What to produce → Starting with the line that has "Craftmatic Adjustable Bed" in the records below and stopping after the line that has "Attraktive Geschäftsfrau, die", output every line exactly and nothing else; skip pictures.

Extracted entries →
= = = =
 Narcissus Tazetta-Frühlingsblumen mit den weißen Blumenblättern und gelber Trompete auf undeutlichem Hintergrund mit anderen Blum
= = = =
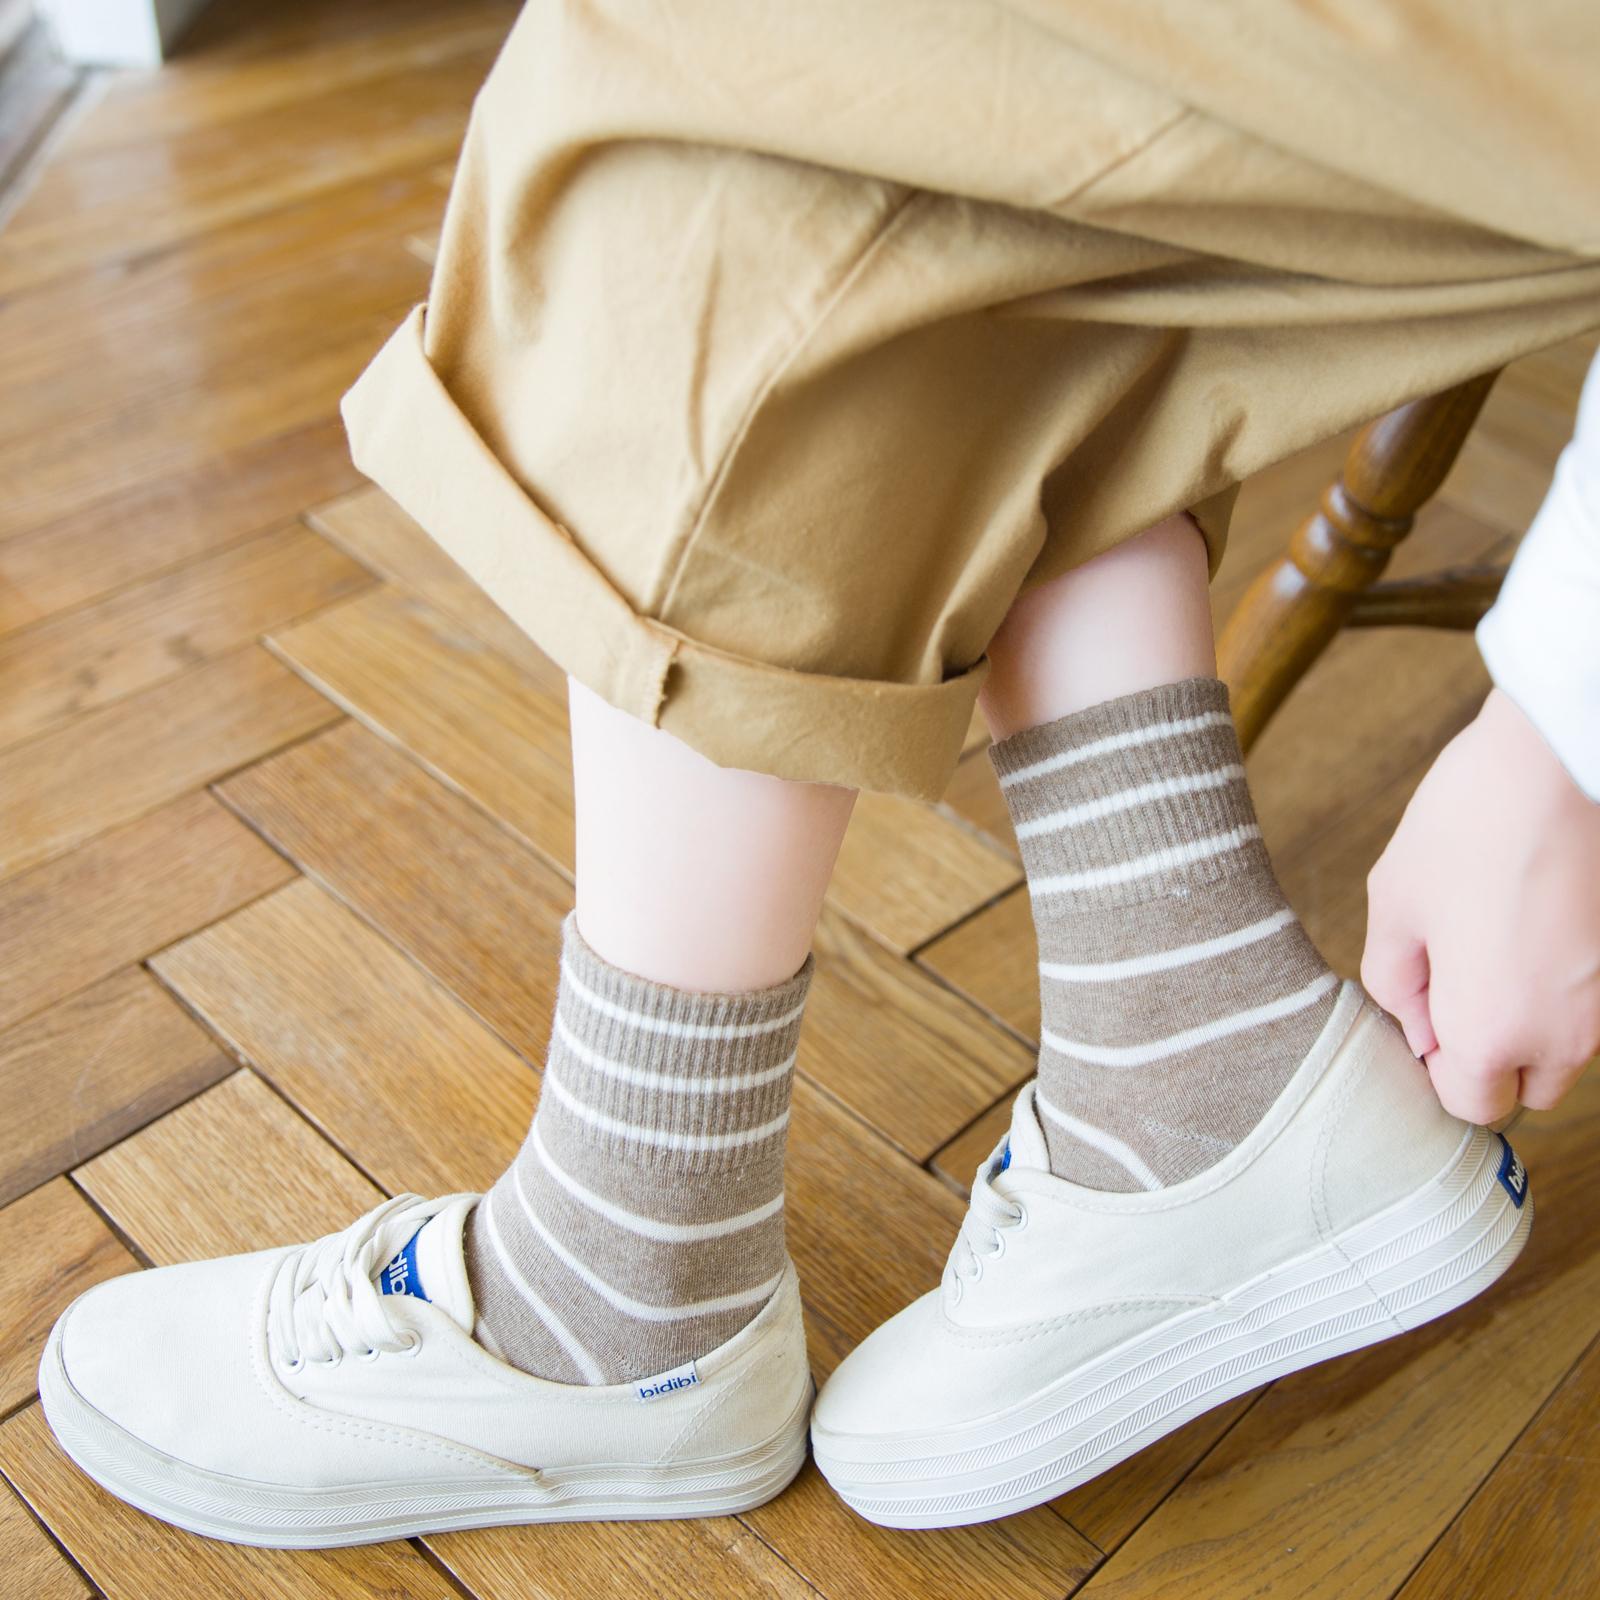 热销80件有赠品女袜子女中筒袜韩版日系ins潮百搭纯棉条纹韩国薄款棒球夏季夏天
= = = =
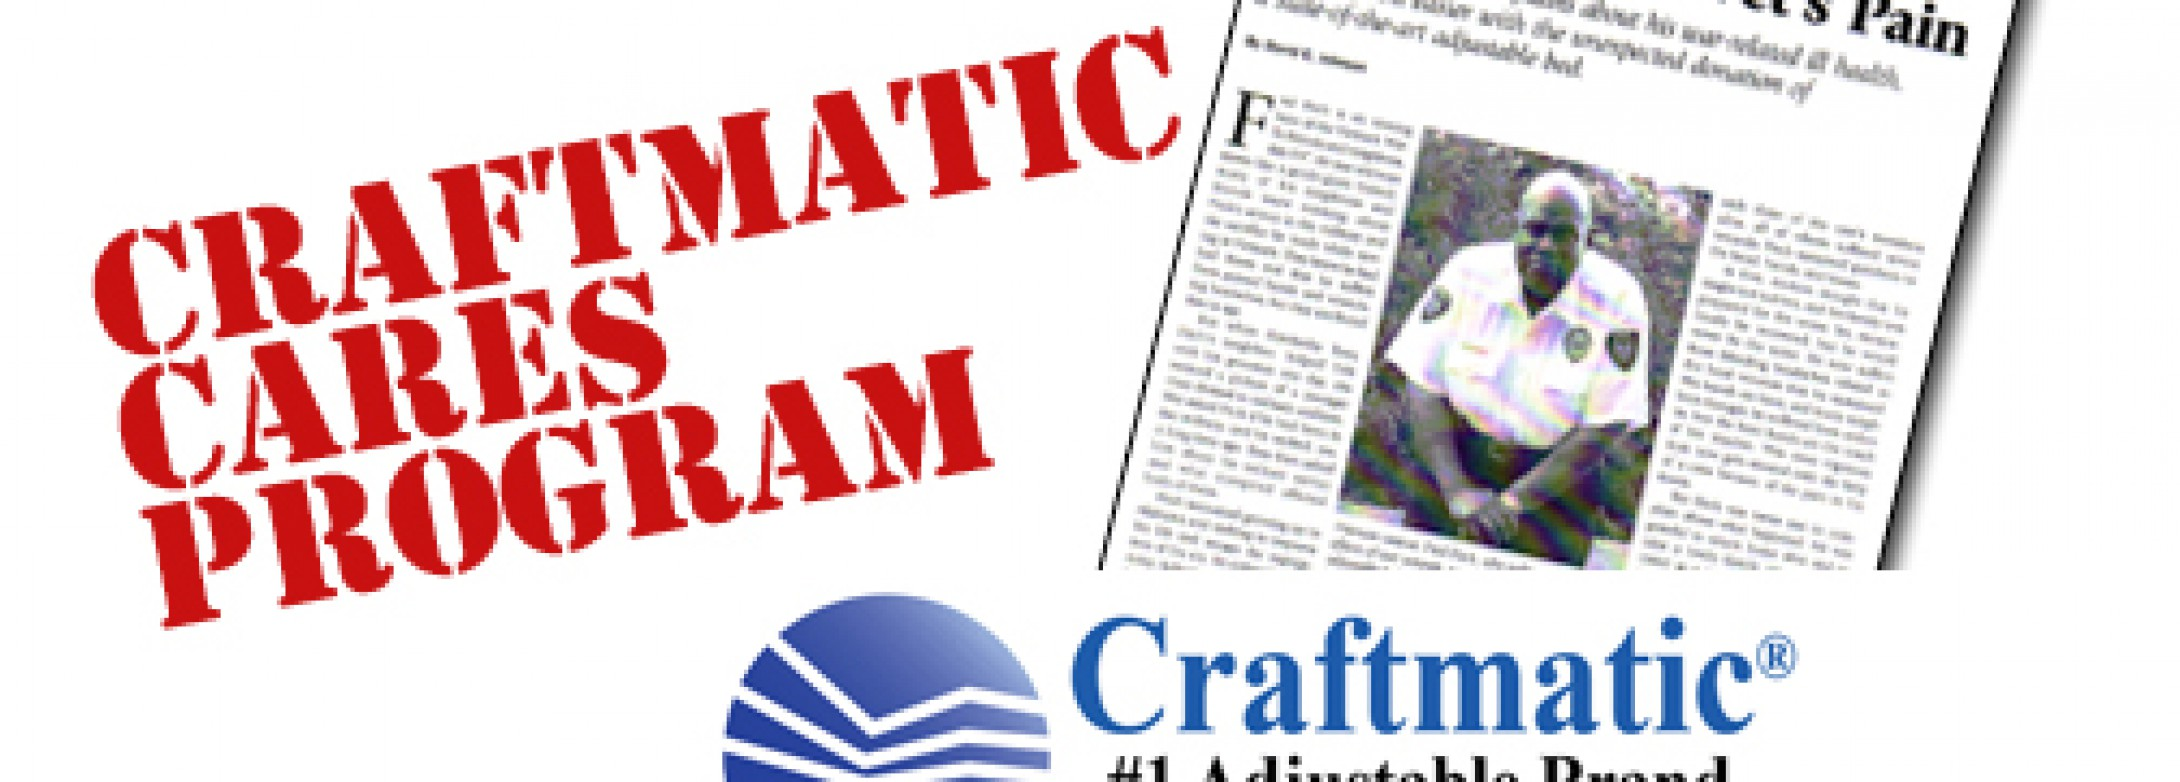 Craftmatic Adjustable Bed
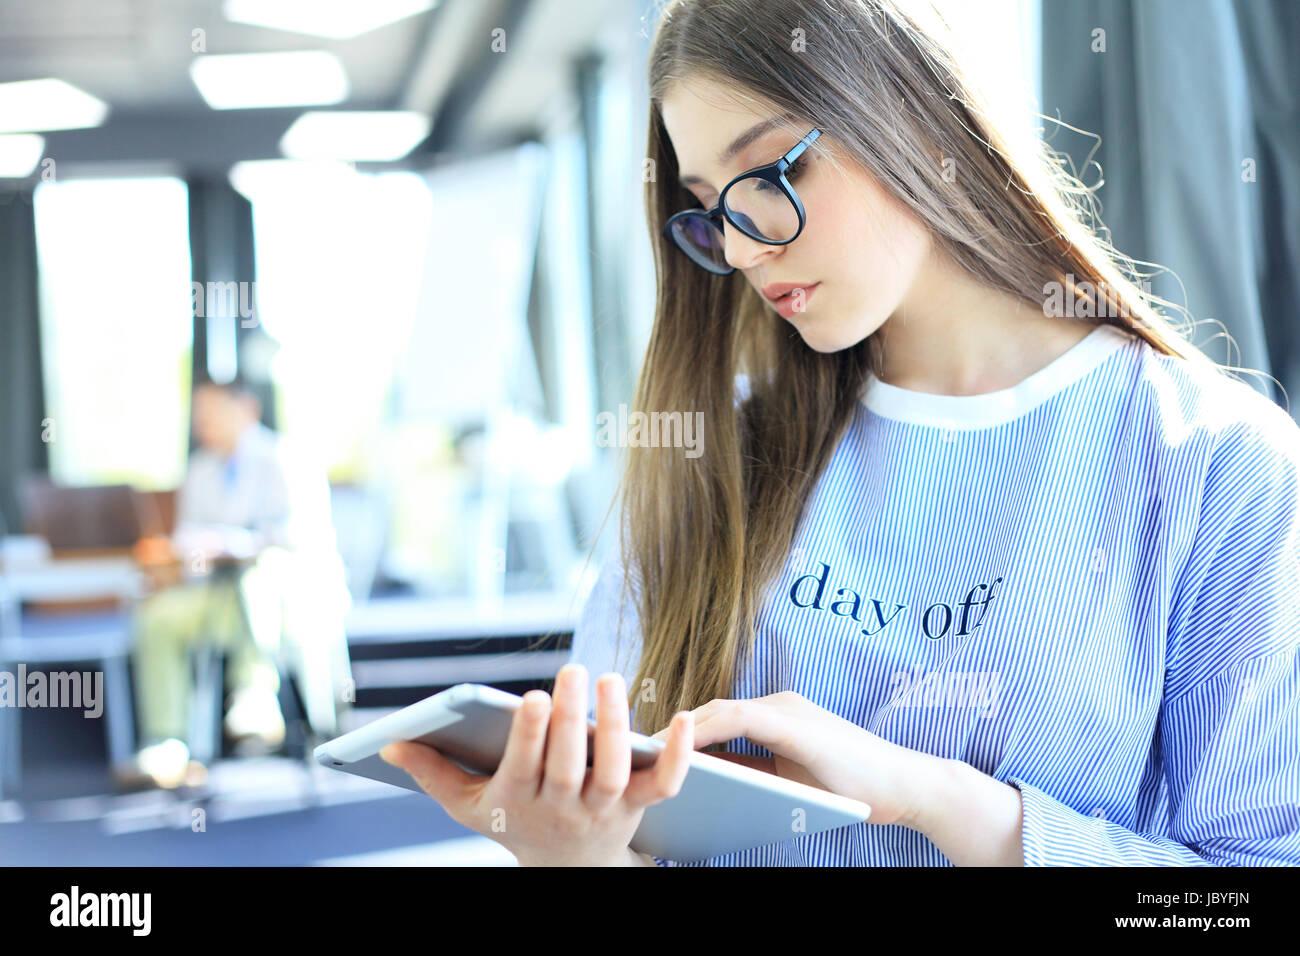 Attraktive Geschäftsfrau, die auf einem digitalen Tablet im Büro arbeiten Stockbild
= = = =
Solution to the problem →
 Craftmatic Adjustable Bed
 Attraktive Geschäftsfrau, die auf einem digitalen Tablet im Büro arbeiten Stockbild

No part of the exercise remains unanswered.